Pretrained Representation Learning

The second component of the ADPM includes pretrained representations. We rely on several pretrained representations: image embeddings, text embeddings, and multimodal item representations.

Visual Representations In Etsy Ads, we employ image signals across a variety of tasks, such as visually similar candidate generation, search by image, as inputs for learning other pretrained representations, and in the ADPM's second component. To effectively leverage the rich signal encoded in Etsy Ads images we train image embeddings in a multitask classification learning paradigm. By using multiple classification heads, such as taxonomy, color, and material, our representations are able to capture more diverse information about the image. So far we have derived great benefit from our multitask visual embeddings, trained using a lightweight EfficientNetB0 architecture, and weights pretrained on ImageNet as backbone. We replaced the final layer with a 256-dimensional convolutional block, which becomes the output embedding. We apply image random rotation, translation, zoom, and a color contrast transformation to augment the dataset during training. We are currently in the process of updating the backbone architectures to efficient vision transformers to further improve the quality of the image representations and the benefits derived in downstream applications, including the ADPM.

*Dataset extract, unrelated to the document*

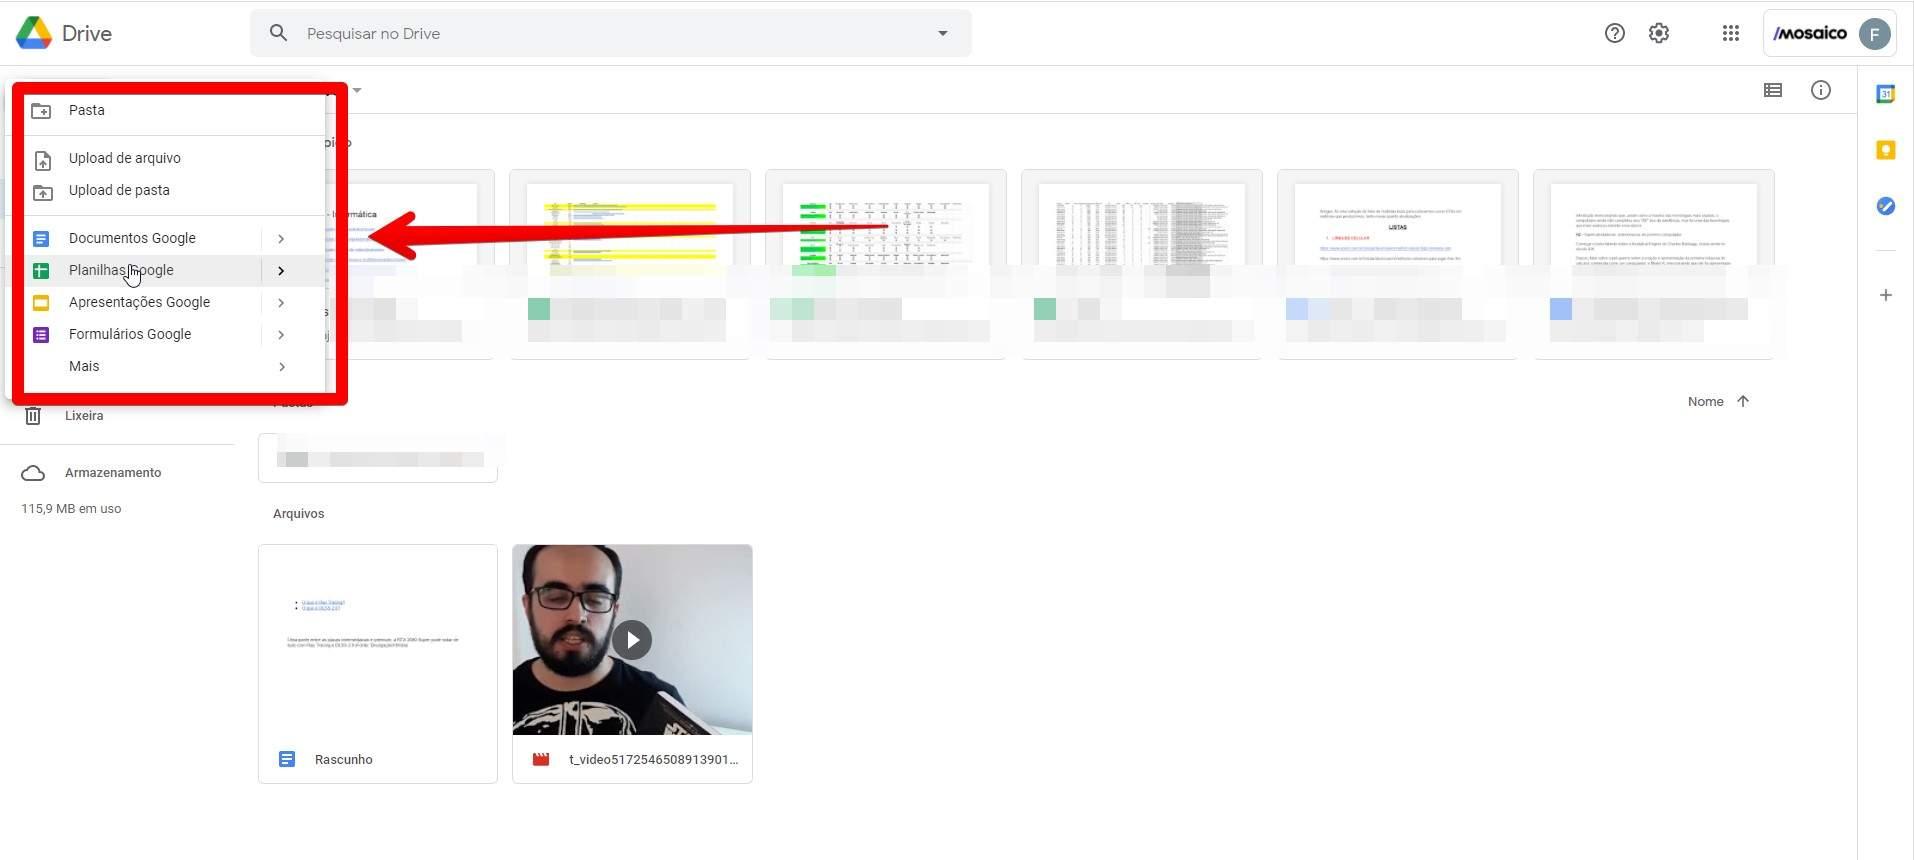 O Google Drive permite criar seus próprios arquivos de texto, planilhas e apresentações sem depender do pacote Office (Fonte: Reprodução/Filipe Salles)
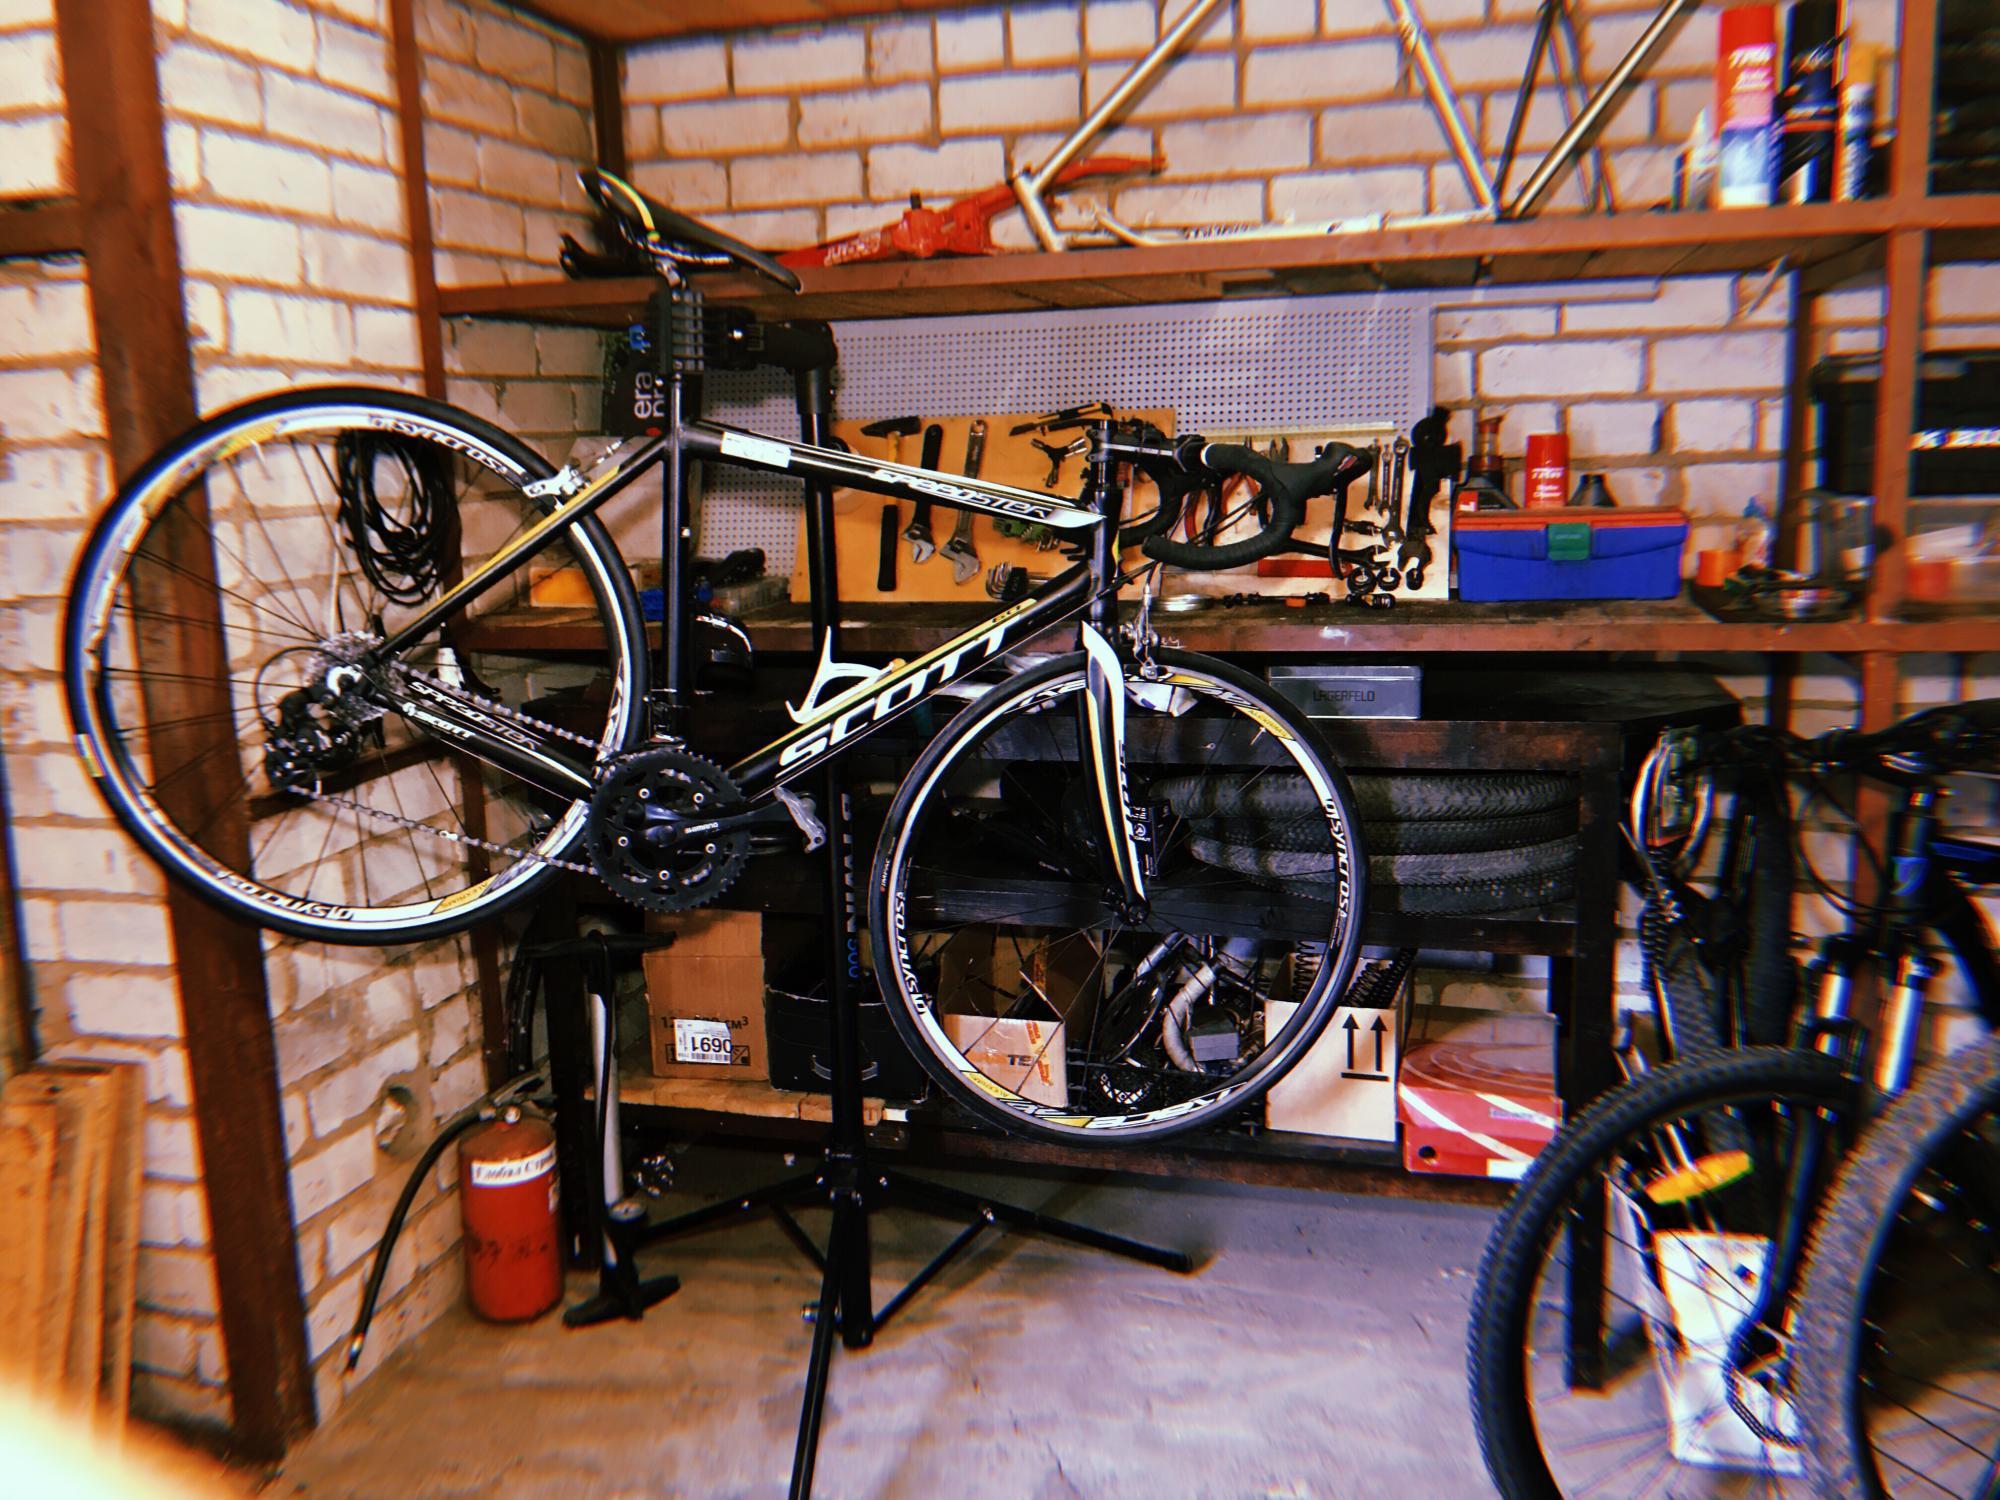 Ремонт велосипедов в Краснознаменске 89175947316 купить 1

Ads Information Retrieval Representations Ads Information Retrieval (AIR) item representations encode an item ID through a metric learning approach, which aims to learn a distance function or similarity metric between two items. Standard approaches to metric learning include siamese networks, contrastive loss, and triplet loss. However, we found more interpretable results using a sampled in-batch softmax loss. This method treats each batch as a classification problem pairing all the items in a batch that were co-clicked. A pseudo-two-tower architecture is used to encode the source items and candidate items towers which share all trainable weights across both towers. Each item tower captures and encodes information about an item’s title, image, primary color, attributes, category, etc. This information diversity is key to our personalization outcomes. By leveraging a variety of data sources, the system can identify patterns and insights that would be missed by a more limited set of inputs.

ADPM-Personalized Sponsored Search

ADPM’s effectiveness and generality is demonstrated in the way we use it to personalize the CTR prediction model in EtsyAds’ Sponsored Search. The ADPM encodes reverse-chronological sequences of recent user actions (in the sliding one-hour window we've discussed), anywhere on Etsy, for both logged-in and logged-out users. We concatenate ADPM’s output, the dynamic user representation, to the rest of the wide input vector in the CTR model. To fully leverage this even wider input vector, a deep and cross (DCN) interaction module is included in the overall CTR architecture. If we remove the DCN module, the CTR’s model ROC-AUC drops by 1.17%. The architecture of the ADPM-personalized CTR prediction model employed by EtsyAds in sponsored search is given in Figure 5. (We also employ the ADPM to personalize the PCCVR model with a similar architecture, which naturally led to ensembling the two models in a multitask architecture, a topic beyond the scope of this blog post.)

ADPM used in a downstream ranking model
Figure 5: An example of how the ADPM is used in a downstream ranking model

The ADPM-personalized CTR and PCCVR models outperformed the CTR and PCCVR non-personalized production baselines by +2.66% and +2.42%, respectively, in offline Area Under the Receiver Operating Characteristic Curve (ROC-AUC). Following the robust online gains in A/B tests, we deployed the ADPM-personalized sponsored search system to 100% of traffic.

Conclusion

The adSformer diversifiable personalization module (ADPM) is a scalable, general approach to model personalization from short-term sequences of recent user actions. Its use in sponsored search to personalize our ranking and bidding models is a milestone for EtsyAds, and is delivering greater relevance in sponsored placements for the millions of buyers and sellers that Etsy's marketplace brings together. If you would like more details about ADPM, please see our paper.